J'ai grandit trop vite...Est-ce pour cela que je ne dramatise pas cette situation? Je pleurais...La mort est la seule chose qui fasse pleurer.
Puis vint le moment d'aparté. Chacun notre tour, on poussait cette affreuse porte pour lui dire...nos derniers mots, un adieu simple ou compliqué...d'abord mon frère, et puis moi... Je cherche mes mots, je n'ai rien à dire et pourtant tellement de choses sur le coeur.
_"il restera dans un coin de ta tête , il saura toutes ces choses"
Comment m'y prendre ? Comment réussir à parler dans sangloter comme une imbécile ? Je veux me montrer digne, je veux le rassurer... [Bafouille]...[Larme]...[Bisou]...Mon Papa, je t'aime!
C'était la première...et la dernière fois que je lui disais que je l'aimais.
Faut-il vraiment ce genre de situation pour me faire ravaler mon orgueil ? Pourquoi suis-je si égoïste ? Oh Mon Papa excuse moi ! Où es-tu à cette heure? Il est 17 h. ça fait une heure...Dans ma tête, mes souvenirs, mon coeur ?Le ciel ? L'air que je respire? Où est ton âme?
Ça fait une heure que Maman a appelé. J'ai décroché de suite, elle voulait nous parler alors j'ai réveillé mon frère. J'ai allumé le haut parleur... Je me met à pleurer.
_"Papa s'est en allé doucement...il a arrêté de respirer lentement. Maintenant il est mort."
[Larme]...[Sanglot]...Je pousse mon étranglement dans un oreiller. Depuis ce matin mes yeux s'inondent par vagues. On attendait ce moment mais dans ma naïveté optimiste, je ne pensais pas à cette date inscrite dans les registres.
"Le docteur est décédé d'une maladie" Quelle ironie...ça ne me fait rien de plaisanter là dessus, alors que ça fait une heure que le téléphone a sonné. Peut-être est-ce ce petit morceau de mon Papa resté en moi qui me pousse à penser ça qui sait ?
Je vais continuer à vivre pour toi Mon p'tit Papa, t'inquiète on va se tenir les coudes ! Je peux même être la plus forte si tu veux ! On t'aime très fort...

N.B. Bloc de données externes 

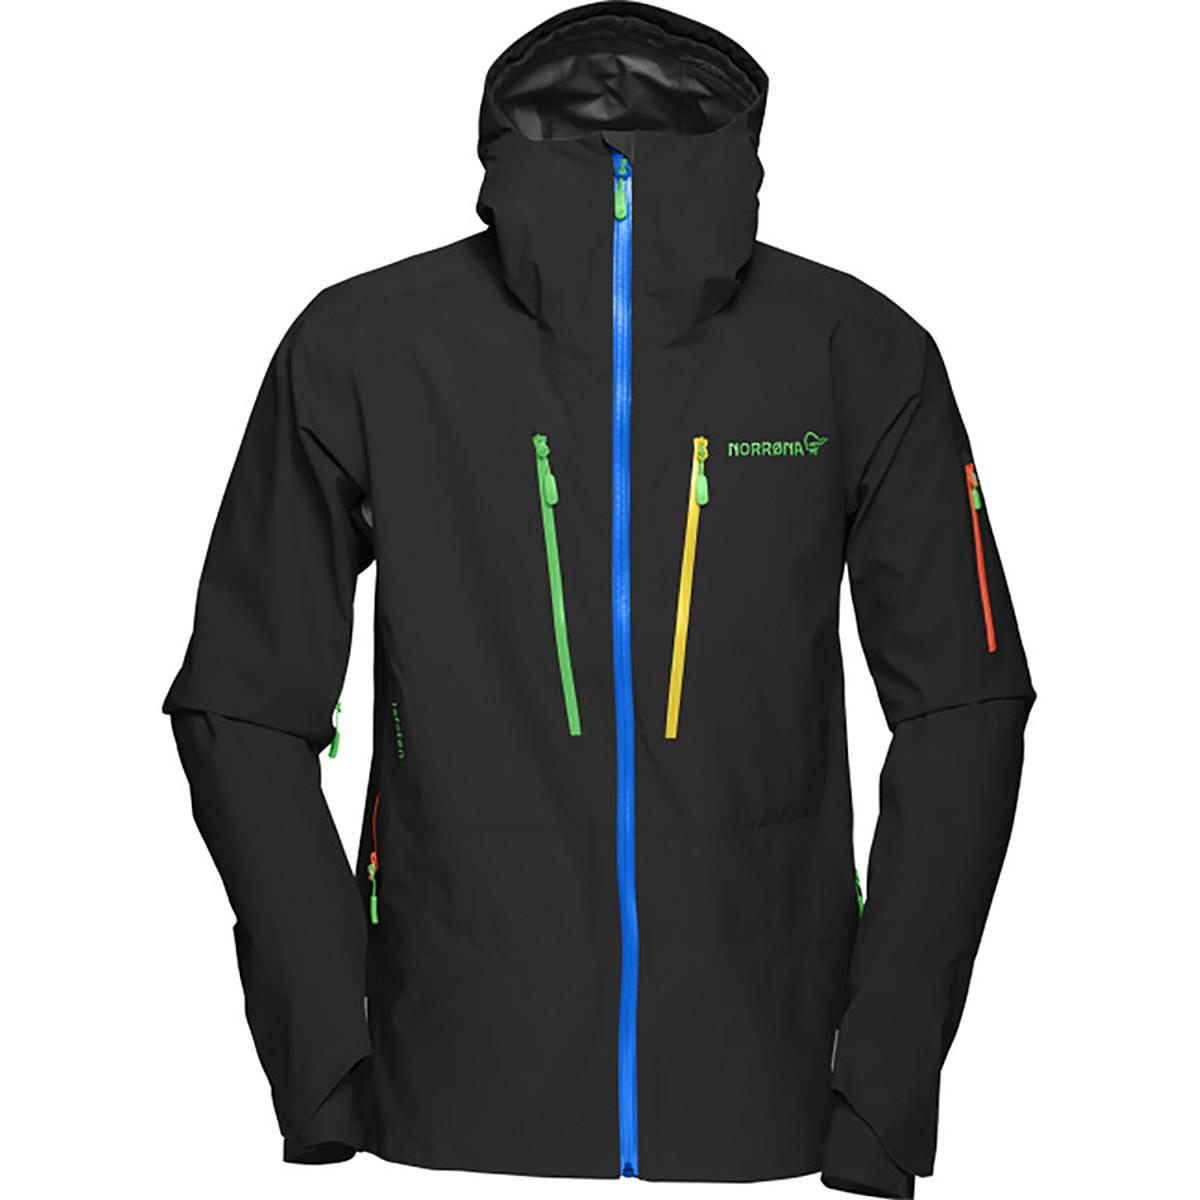 Norrona Lofoten Gore-Tex Pro Shell Jacket

je sais pas où tu nous attend, mais on se revéra mon papa!
lundi 03 juillet
la nouvelle
3 juillet
L'horreur est survenue pendant le dîner. Mon frère avait gentiment préparé à manger. Nous savions que Maman rentrait encore tard alors on s'est mis aux fourneaux (enfin j'ai quitté mon ordinateur que lorsque le tonnerre a commencé). Mamie, dans son habitude, était venue prendre des nouvelles, et Maman rentra peu après. Une atmosphère complice régnait depuis l 'après midi entre nous qui profitions du début de vacances.
Depuis quelques mois, la famille ne va plus très bien. on nous demandait de temps en temps d'écouter ce qu'ils avaient à dire. Chacun se suspendait aux lèvres de nos parents à sa manière :_
-"après, je rallume la télé!"
-"bonne ou mauvaise nouvelle?"
-"vu sa tête , c'est pas des projets de vacances! ".
Et puis une information tombe, comme une brique au sol; plutôt sur nos têtes à vrai dire. On allait traîner ce boulet à travers nos vies. Moi, j'ai pas tout de suite réalisé...j'ai pas prit le temps de réfléchir à ce qu'il adviendrait. Le malheur s'abat à la télé, pas dans ma vie ...Sinon je commencerais à croire que le sors s'acharne. Mais à partir du moment où on pleure, tout devient clair . La vie nous donne un cours, les épreuves deviennent des leçons et les larmes des conclusions.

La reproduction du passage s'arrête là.